Sacher (Sacher-Torte)
8 servings
120 minutes
Sacher cake is an exquisite Austrian dessert created in 1832 by pastry chef Franz Sacher. Its rich chocolate flavor with subtle notes of almond and brandy perfectly complements the fruity tartness of apricot jam. The cake features a smooth and glossy chocolate glaze that creates a luxurious effect. Sacher is traditionally served with unsweetened whipped cream, enhancing its harmonious taste. Its rich texture and elegant appearance make it an ideal choice for festive occasions and cozy evenings over coffee. This recipe allows you to prepare a classic Sacher with the precision of Austrian masters, following the original techniques and traditions that convey the spirit of Viennese pastry culture.

1
Cream the butter with 80 g of sugar until white.
- Butter: 90 g
- Sugar: 230 g
2
Melt 50 g of chocolate in a water bath and add it to the butter.
- Dark chocolate: 350 g
3
Add ground almonds and cognac.
- Ground almonds: 50 g
- Cognac: 2 teaspoons
4
Then separate the yolks from the whites (the whites will be needed later). Carefully add the yolks one by one to the chocolate-butter mixture and mix until smooth.
- Chicken egg: 3 pieces
5
Add flour, baking powder, and cocoa. Mix well.
- Wheat flour: 80 g
- Baking powder: 1 teaspoon
- Cocoa: 2 tablespoons
6
Whip the egg whites with a pinch of salt until peaks form.
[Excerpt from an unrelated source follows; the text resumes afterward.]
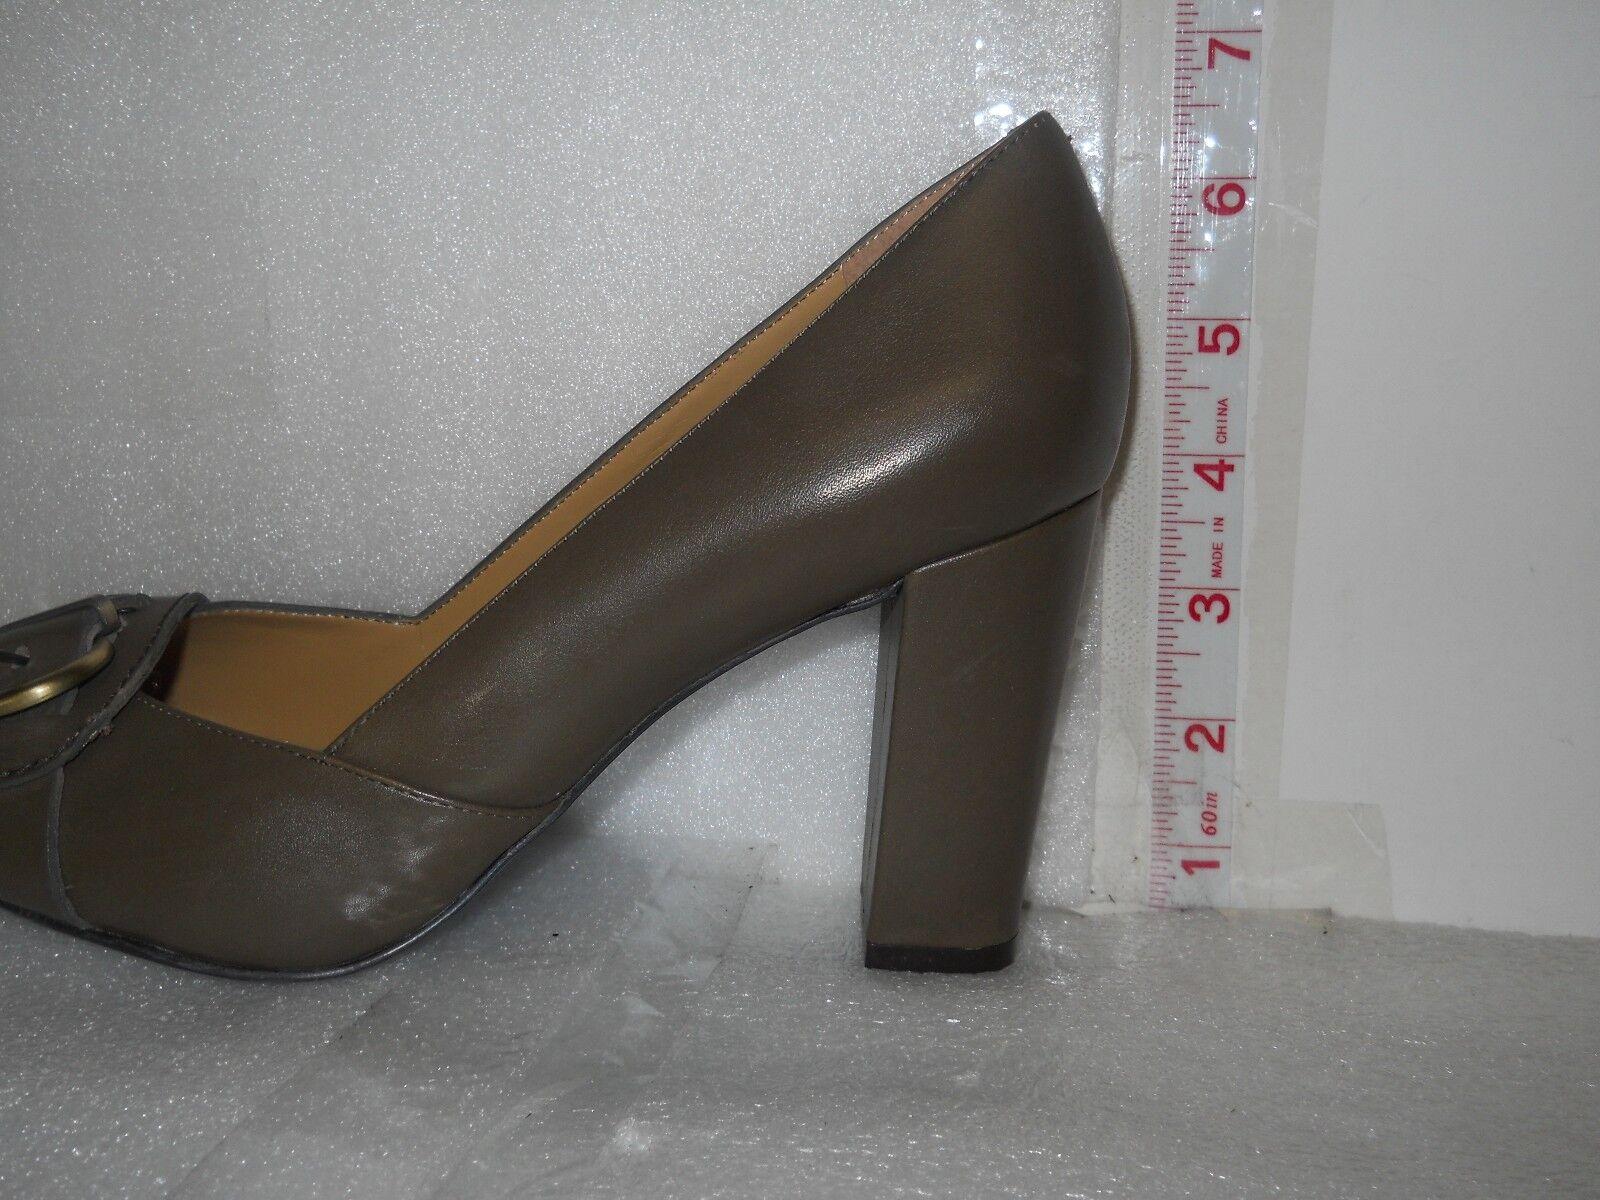 Circa Joan & David NEU Damenschuhe Found It Olive Green Open Toe Heels 8 M Schuhes

Then gently fold the egg whites into the main mixture in portions.
- Chicken egg: 3 pieces
7
Preheat the oven to 180 degrees, pour the dough into a greased silicone (or simply removable) mold and bake for 40-45 minutes. Check readiness with a toothpick. Without removing the cake from the mold, let it cool and then rest for at least 8 hours.
8
Cut the cake into two parts lengthwise, spread the lower part with jam (set aside 2 tablespoons of jam), cover with the second cake. Trim the edges and top to make them even. Heat the reserved jam and strain it through a sieve. Spread it on top of the cake and refrigerate for 30 minutes.
- Apricot jam: 150 g
9
Boil 150 g of sugar and 150 ml of water to make caramel, then add 300 g of chocolate while stirring constantly to make a smooth glaze.
- Sugar: 230 g
- Water: 150 ml
- Dark chocolate: 350 g
10
Place the cake base on a rack and carefully coat the edges with glaze. Then pour half of the remaining glaze on top and smooth it out. Let it set. Then heat the remaining glaze and pour it on top again. Let it set again. You can write on top if you wish, but that's up to you.